1. Organic kitchen waste within sanitary drainage systems, which is relevant to the development of the Code Council’s 825 Private Sewage Disposal Systems standard that deals with residential onsite wastewater treatment and disposal systems
2. Smart water networks, which supports the need for the development of ICC 820, Standard for Water Supply and Sanitary Drainage System Performance Assessment and Data Extraction in the Built Environment

Organic Kitchen Waste in the Sewers

Within the framework of the circular economy, it is important for municipalities to make the best possible use of kitchen waste (fruit and vegetable waste, or ‘FVW’) through high-value, sustainable processing. In neighbourhoods with high-rise buildings this is practically impossible, because FVW is not collected separately. But the possibility does arise when the collection is done via wastewater.  

This project has demonstrated that, from a technical perspective, there is no impediment to using food waste disposers for a more efficient recovery of resources from wastewater. And for high-rises the collection of FVW using this technique is the solution with the lowest environmental impact.

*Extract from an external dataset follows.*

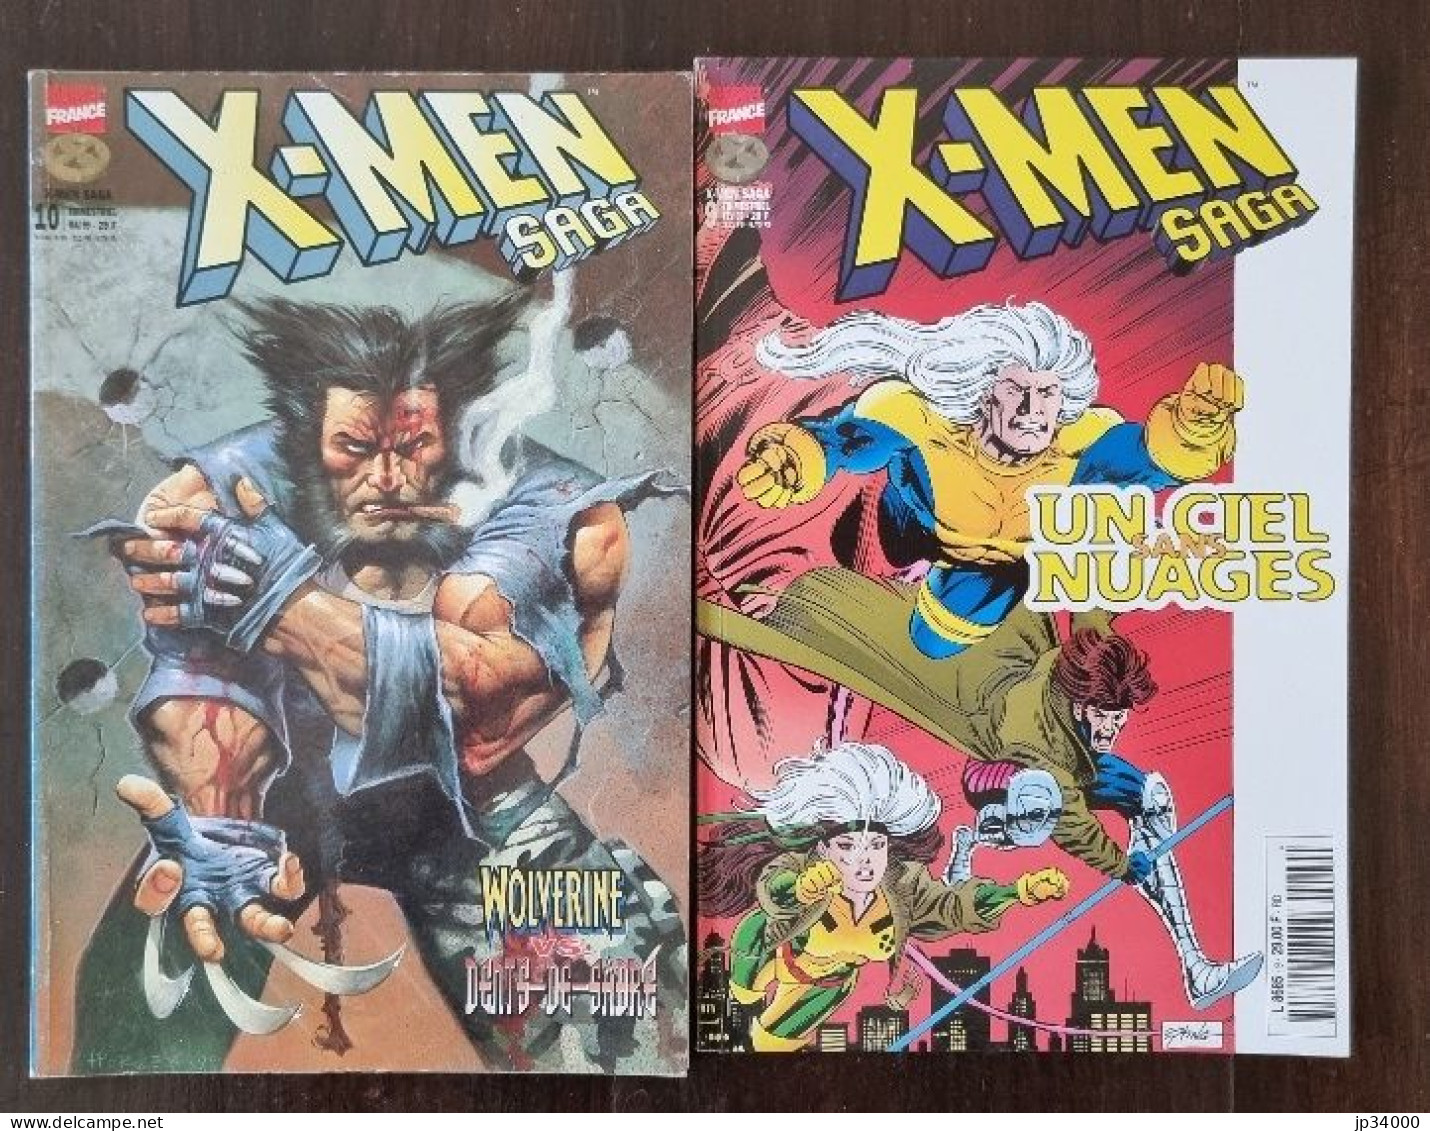 X-Men Saga N° 9+10. Marvel. Panini Comics. (1999) Lot De 2 Différents - XMen

Improved Technology for Organic Kitchen Waste

For a more efficient recovery of resources from wastewater, the resource concentrations need to be increased. This can be done by adding more organic waste to the water and by reducing the amount of water. This is the so-called ‘new water cycle,’ after being processed by a food waste disposer, FVW ends up in the sewer. Together with concentrated toilet wastewater (‘black water’), it is then digested at a wastewater treatment plant (WWTP). 

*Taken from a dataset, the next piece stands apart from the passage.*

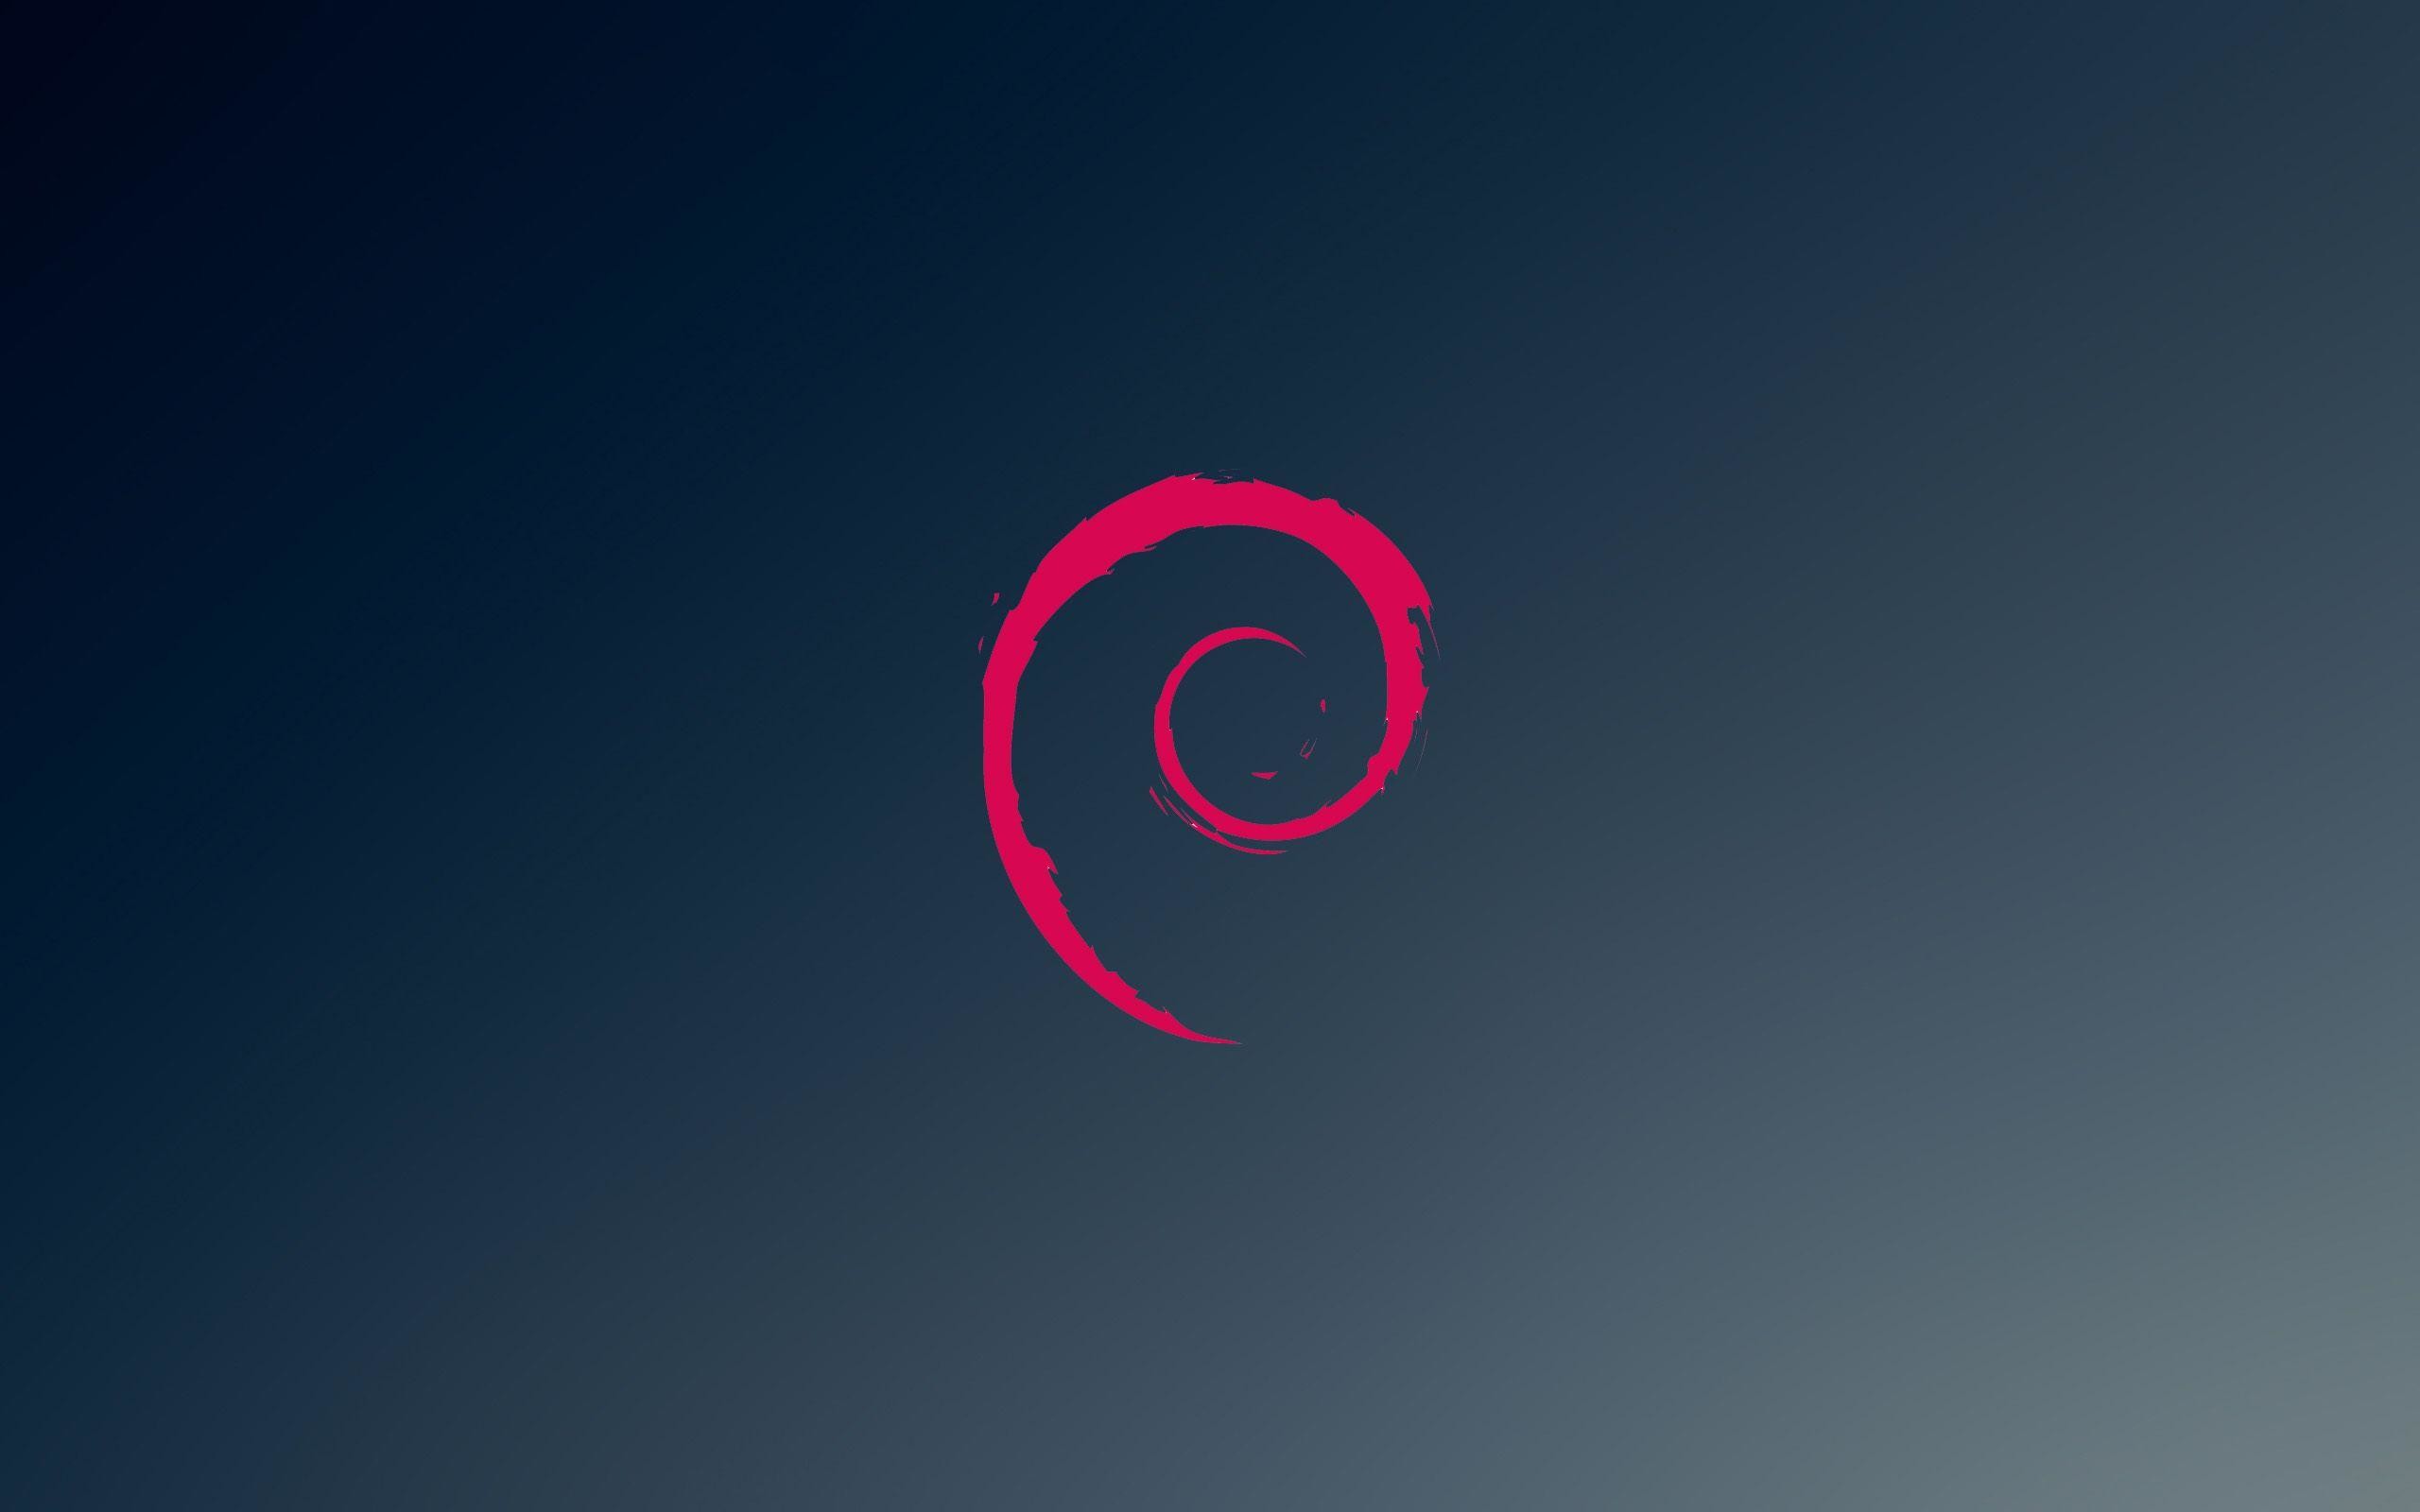 Installer un serveur TFTP sous Debian/Ubuntu | Sauvegarde d’Ã©quipements Cisco

The objective of the OSKAR project – the name is the Dutch acronym for ‘organic kitchen waste via the sewer’ – was to study the possibility of using a food waste disposer in a home. This involved investigating several aspects, namely: technical (focused on the indoor sewer installations), governance (what is permitted under Dutch law) and sustainability (comparison with FVW collection through other routes). The user convenience aspect was not included. 

The research examined whether the current indoor sewer installations are capable of transporting FVW processed by a disposer. Of course, this waste must not cause clogging or any other undesirable effects and problems, such as corrosion and/or cement rot caused by Hydrogen sulfide (H2S), or increased methane emissions. The effects of FVW on the sewer system and the WWTP have been studied, but research on the indoor sewer installations has lagged. 

An experimental set-up was built in this project that included a food waste disposer, a sink and several configurations of indoor sewer installations (variations in slope, length, diameter, bends, horizontal and vertical pipes), and a wide variety of types of (mixed) foods. The  laboratory experiments showed that there are no technical impediments to the use of food waste disposers. Nevertheless, it would be advisable to confirm this through a practical, long-term pilot study. The most important framework conditions are the application of sufficient slope and compliance with existing design installation guidelines.

Organic Food Waste Challenge

The environmental impact was determined by comparing three different scenarios:  

• The discharge of organic food waste into a kitchen and garden waste compost bin (KGW scenario)
• Discharge into residual waste (residual waste scenario)
• Discharge of food waste into the sewer system, after it is processed by a food waste disposer (sewer scenario)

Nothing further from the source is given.